Ka Xiong, a photographer, and filmmaker from Luang Prabang, Laos, started to make a documentary named “Grandma’s World” in the framework of the 2020 Lancang-Mekong Vision program, this film is about his grandma's life, hope, and memory, and it showing us a cultural profile of the Mhong community in Northern Laos;
Maer Lanq, an Akha painter from Monsong village, Xi Shuangbanna.
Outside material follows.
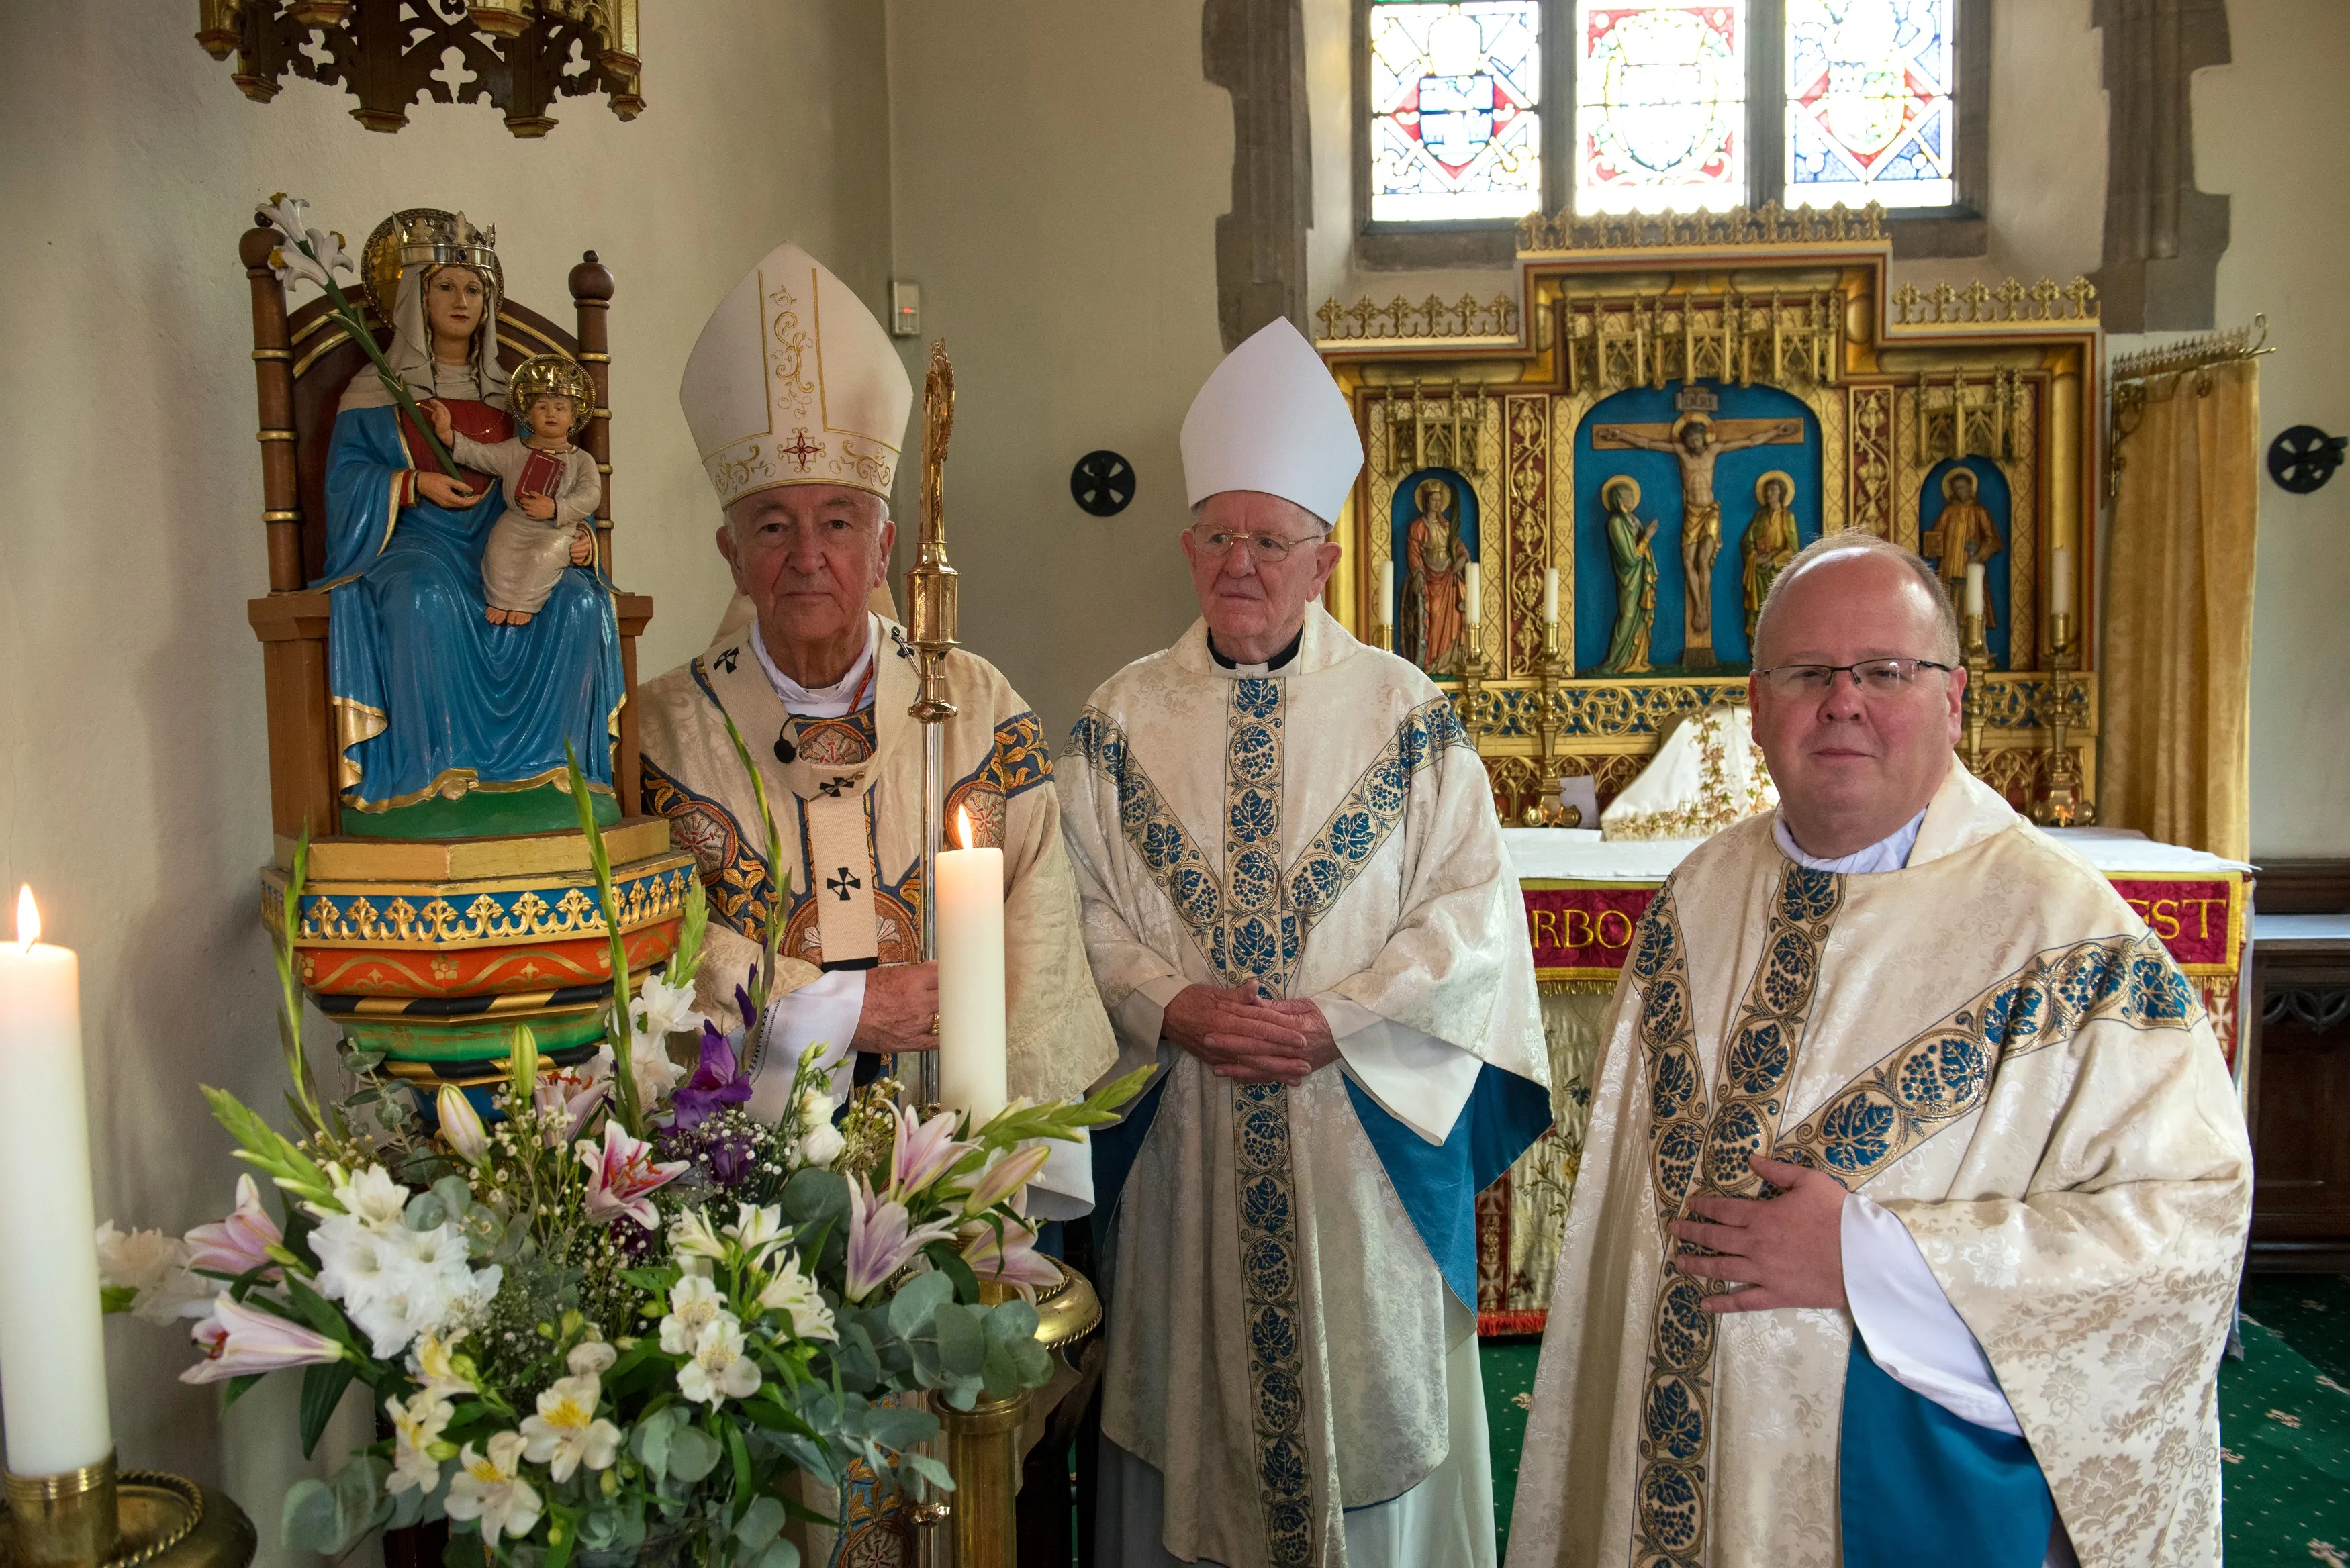 The new Rector Father Robert Billing with Cardinal Vincent Nichols (Archbishop of Westminster and the Primate of England and Wales) and Bishop Michael Campbell, OSA (Bishop Emeritus of Lancaster) in the Slipper Chapel on the occasion of Archdiocese of Westminster pilgrimage to Walsingham, the day before Father Billings' official induction as the new Rector. Sept 24, 2023. Credit: Marcin Mliczko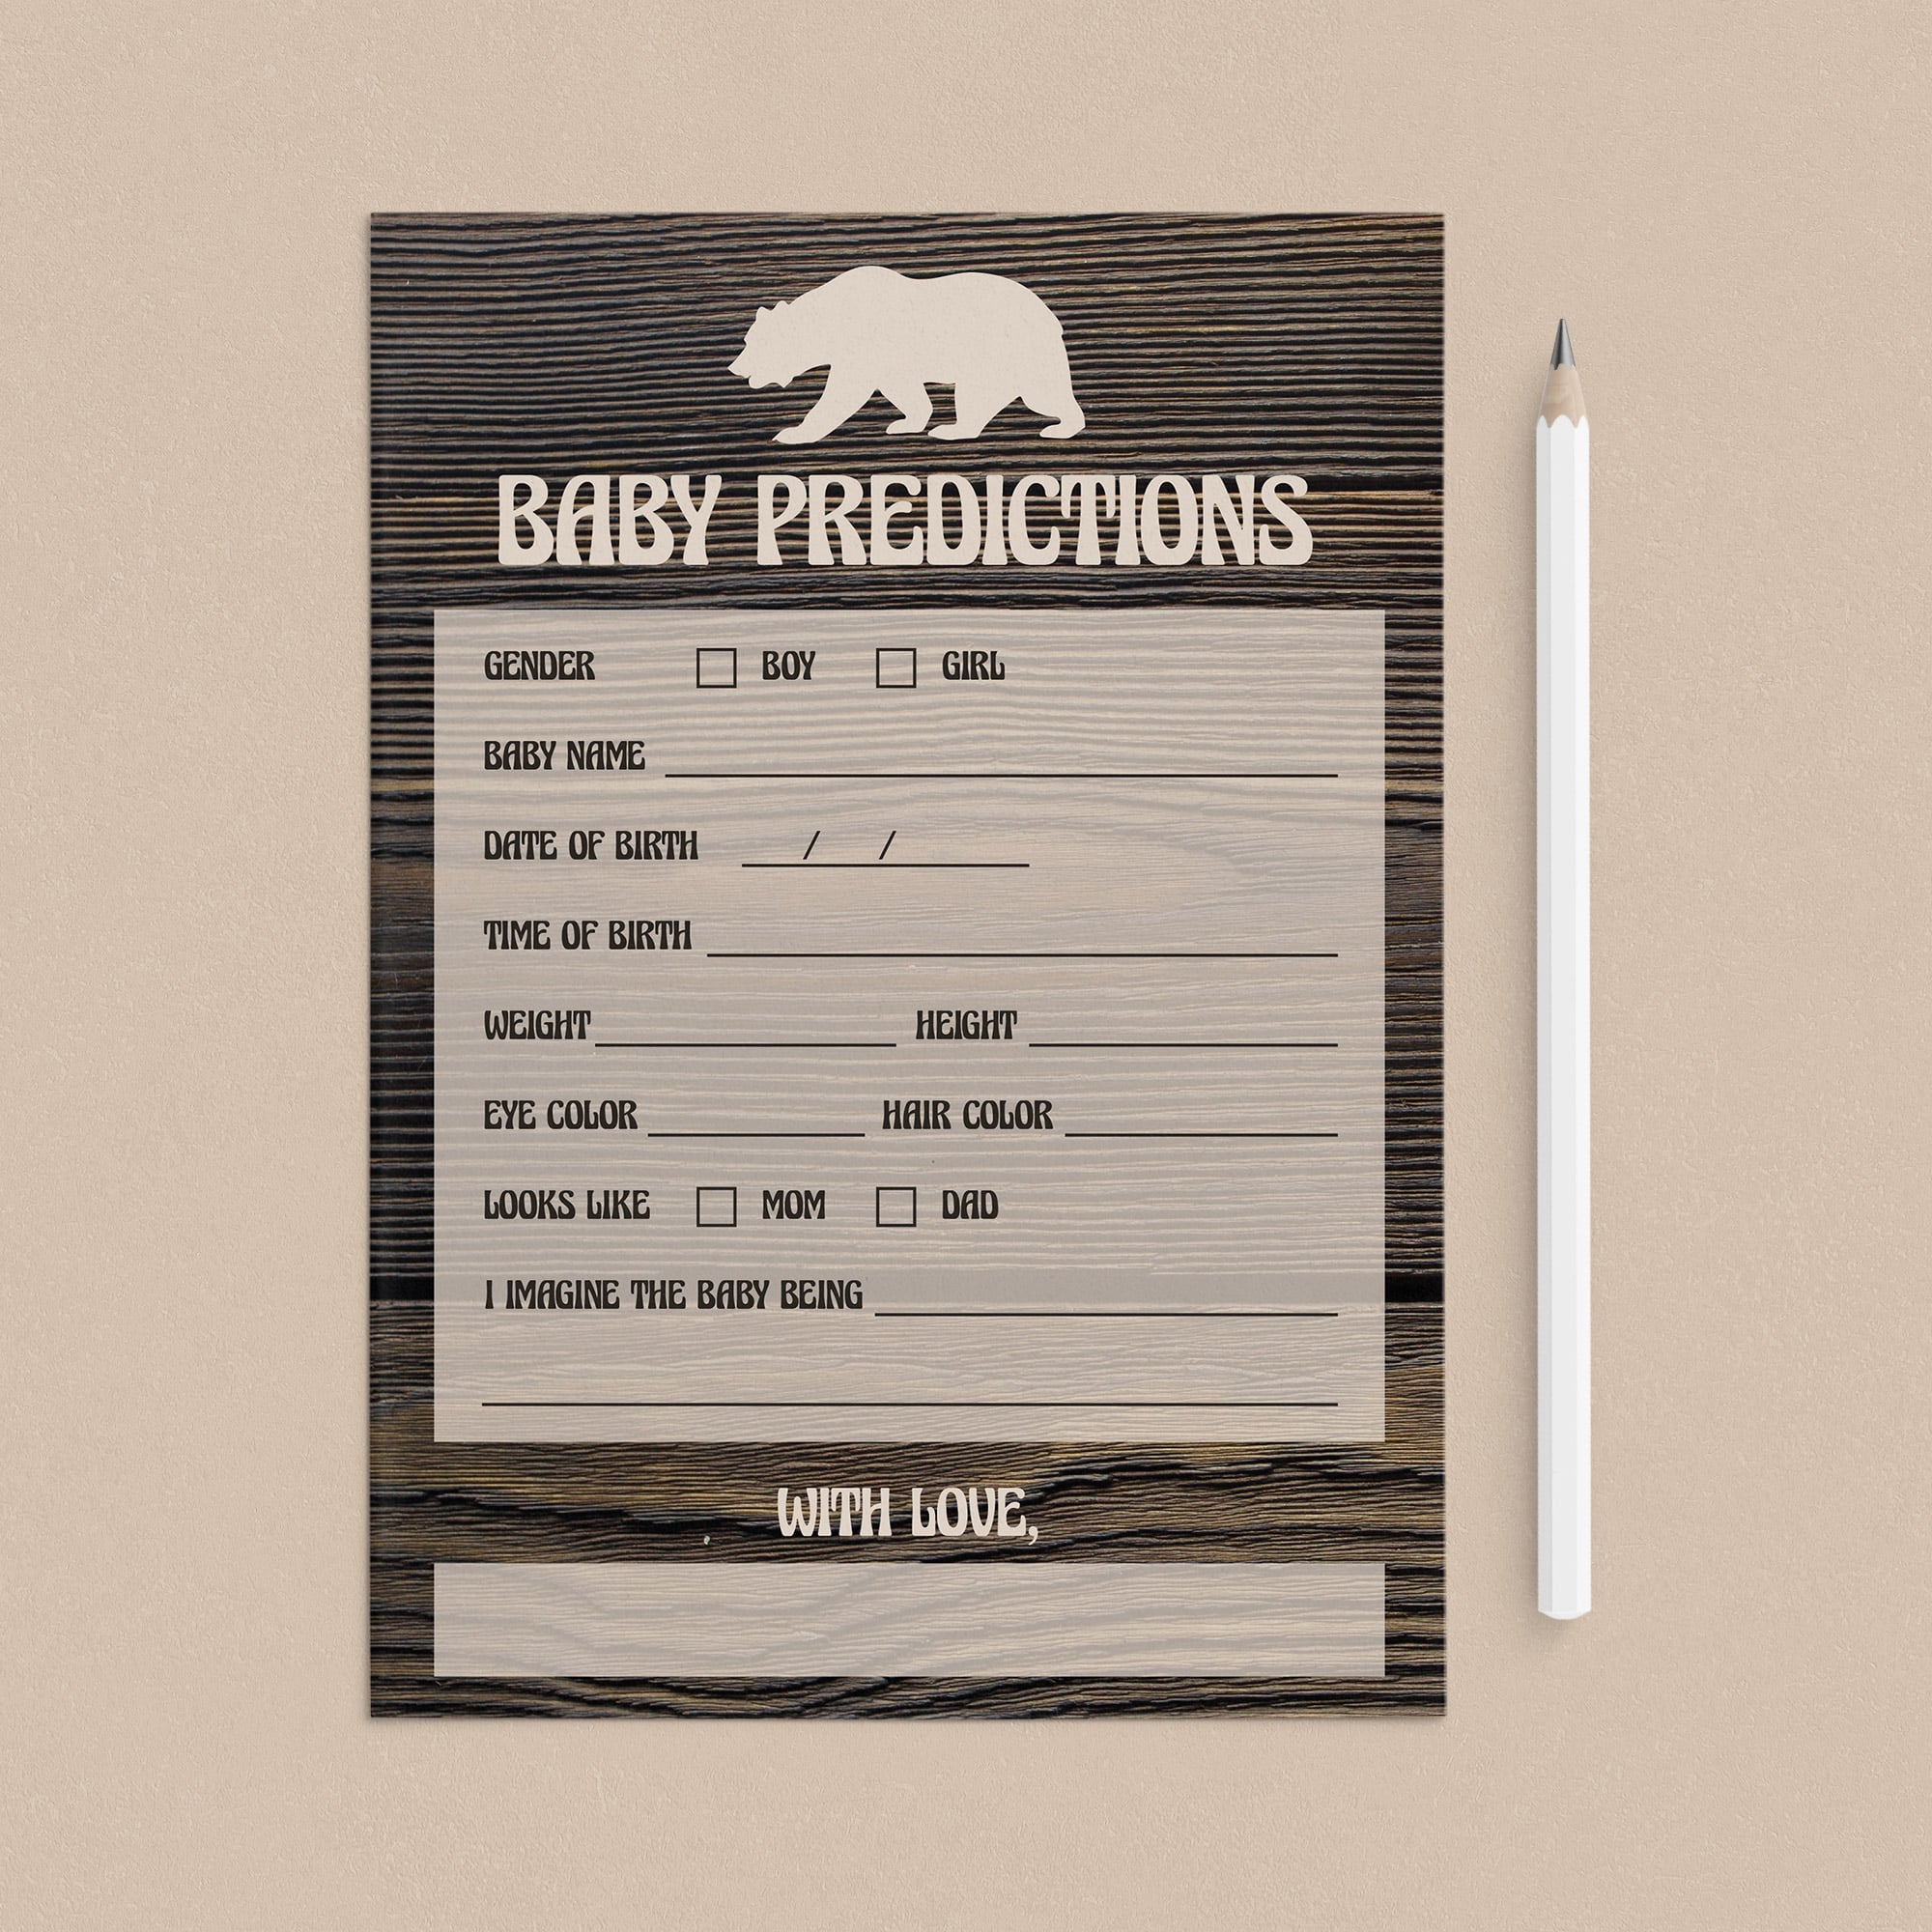 Printable baby predictions for boy shower by LittleSizzle

Based on his own growth experience to presented his memory of Akha traditional nursery rhymes, children games in the form of animation, and cooperated with the students from Yunnan University of Finance and Economics and Yunnan Arts University to produce this “Memories of childhood”;
Jupiter, a 23-year-old girl from the Shan state of Myanmar, made a deep analysis of her identity, growth path, and family relationship with her self-portrait documentary "But…life goes one" during the second wave of Covide-19 broke out in Myanmar, which also wrote down a footnote of facing darkness and pouring light into this era;
Nontawat, a filmmaker and artist from Thailand, has been focusing on the Shan people who have migrated from Myanmar to work and live in Thailand in the form of feature films, documentaries, and multimedia art in recent years. After visiting several Shan communities in Chiang Mai, Nontawat decided to make the documentary ”the MONKHOOD” about a Shan monk who had lived in Chiang Mai for seven years. The audience will follow Nontawat’s camera to understand this huge but long-term "invisible" group;
“Zomia’s Song” is a review of Thai director Santiphap Inkong Ngam's video footages for more than 20 years. He tried a variety of editing methods, and finally decided to combine the folk music of several ethnic groups in the mountainous areas of northern Thailand during his participation in the “Lancang-Mekong Vision” program. In 2000, Santiphap began to shoot a large number of videos around the narrative of ethnic identity and homeland in the sense of geography and the cultural region "Zomia" since his ethnic background. His video technique wanders between documentary and video art, which is the coincidence of his subjective discourse as a member of a minority and objective discourse as a filmmaker/observer at the same time;
Another filmmaker from Xi Shuangbanna, I Han Phap, made a documentary called “Wife From Laos” about his cousin, Yuan, a young girl married from Laos. A series of dialogues in this documentary reflected the difficulties and hopes of cross-border marriage in the villages of border areas;
“Ah Chi Mu Gua” means “song and dance of goats” in the Lisu language, which originated in the Lancang River basin of Lisu Autonomous County in Weixi, China. The protagonist of the documentary “Inherit the Ah Chi Mu Gua on Wheelchair” is a local group who aims to inherit this kind of folk song and dance. The filmmaker SI K Za himself is also a member of this group. Therefore this documentary brings us a vivid story about the cultural heritage work from an internal perspective;
Another Lisu filmmaker, Zaw Lar, is from Kachin state in Myanmar. “Mountain Farm” is his first documentary and it is highly accomplished with his personal artistic style, thus we could find the divinity in daily life. This documentary records the farming methods under the changes of seasons of Lisu people in the border mountainous areas. It also goes beyond the macroscopic Arcadian narrative to a turn to expresses the filmmaker’s thinking and concern about the fate of individuals.